Amid the news, rumours and wild speculation recently over the next generation of consoles, one story in particular has given me cause for concern; I'll give you a guess, it doesn't involve graphics cards.
The report yesterday linking the new Xbox console with Blu-Ray support also came with worrying claims of Xbox 720 (or whatever you want to call it) featuring a system that blocks the ability to play used games. In theory, the next-gen system could link all of your games to your specific Xbox Live account.
Ok, now this is purely rumour at this point - a Microsoft spokesperson, of course, dismissed it as "rumour and speculation" - but if the house of Xbox is genuinely thinking about pursuing this, I think I can speak for a lot of people when I say this is a monumental mistake.
It's huge, it's brash, and it's potentially crippling to the industry and the gamers that fuel it.
It's not such a way out idea to predict a console to introduce a concept like this either, if you've read the signs. PC games have had launch codes, so to speak, for years, which doesn't restrict you to one install, but doesn't let you go wild handing out the code to everyone leaving a GAME either.
More recently publishers, dollar signs glinting in their eyes, have incorporated online pass requirements for certain games. Yearly releases like FIFA now force you to buy new, unless you want to fork out even more just to access the rich online features.
Judging from how FIFA 12 has hogged the top spot and gained so much money, akin to a digital Man City, the formula's worked hasn't it? It's certainly forced me and a number of friends from an old pattern of buying last years copy for a fiver.
Unfortunately this will only encourage big publishers and now console makers to push their luck even further.
Obviously the first casualties, if Microsoft chooses to declare war on used games, will be the little guy, the consumer.
At £40 some people simply can't afford to buy all the triple-A releases brand new in this economy, especially with the fantastic haul of titles in 2011. The popularity of Amazon and Play.com give just a subtle hint that many gamers can't afford RRP's.

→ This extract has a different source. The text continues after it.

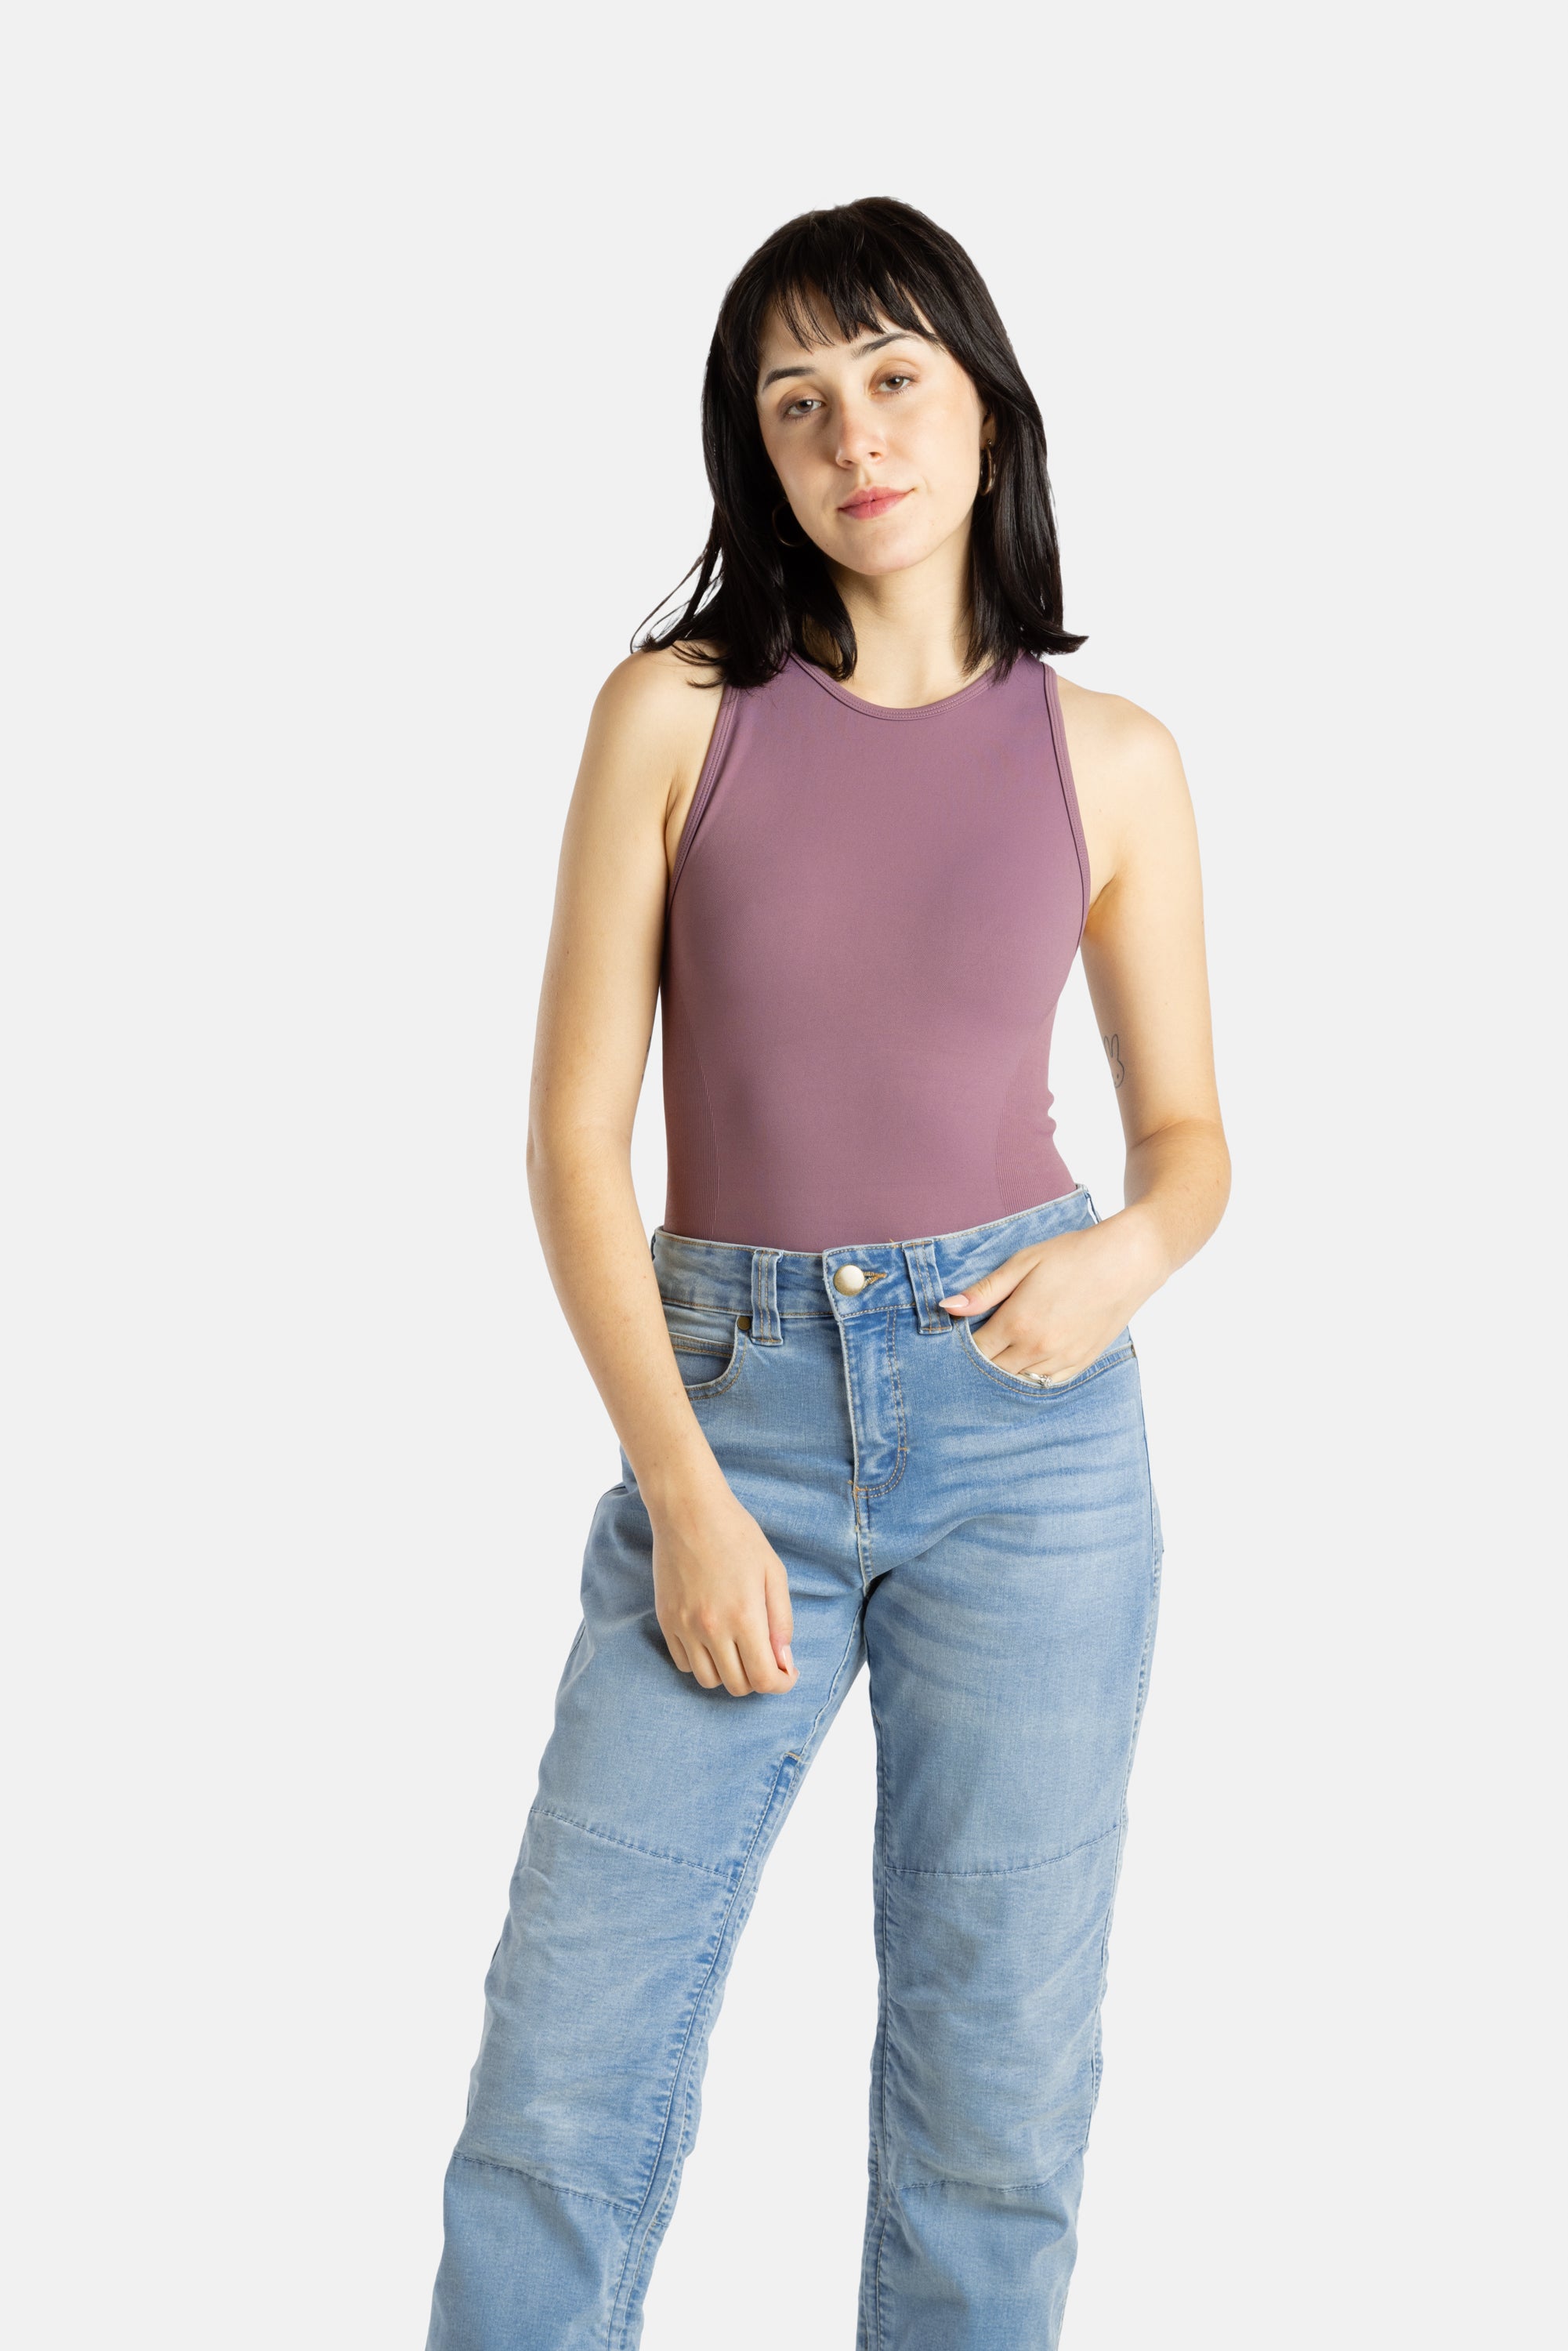 A white woman with long black hair and hoop earrings wears a mauve tank top and denim jeans.

But it goes higher than the guy with the low pay packet. Certain businesses will be left crippled by this, and not just the obvious ones like CEX, a store that centres its whole strategy around pre-owned media.
What would happen to Lovefilm or Blockbuster? Both popular options for gamers who now have the ability to sample a number of games for a limited fee, especially good for those single player experiences that offer little replay value.
But what would Lovefilm do, get a brand new copy sent out every time someone sticks that title in their wanted list? They'd run out of revenue after a week.
Beyond the consumers and businesses though, the ones I really feel will suffer are the game developers themselves.
Without the pre-owned market games like Alan Wake, Dead Space and Heavy Rain might never have been properly appreciated, with the first two eventually benefiting from the word of mouth via sequels and the latter claiming to have been played by millions via pre-owned.
At £40 a pop, a game is no longer an impulse buy. We can't afford to take a scatter-gun approach and hope that we bring home something we like - and the new IPs with fresh ideas like Enslaved, Bulletstorm and Mirror's Edge get the sharp end of the stick.
If gamers are forced to pay full whack for every game they'll inevitably have to limit their purchases and stick to what they know. Which ultimately means creativity will suffer for publishers' attempts to get back some of that 'lost money'.
At the risk of sounding very familiar to Microsoft: don't do it!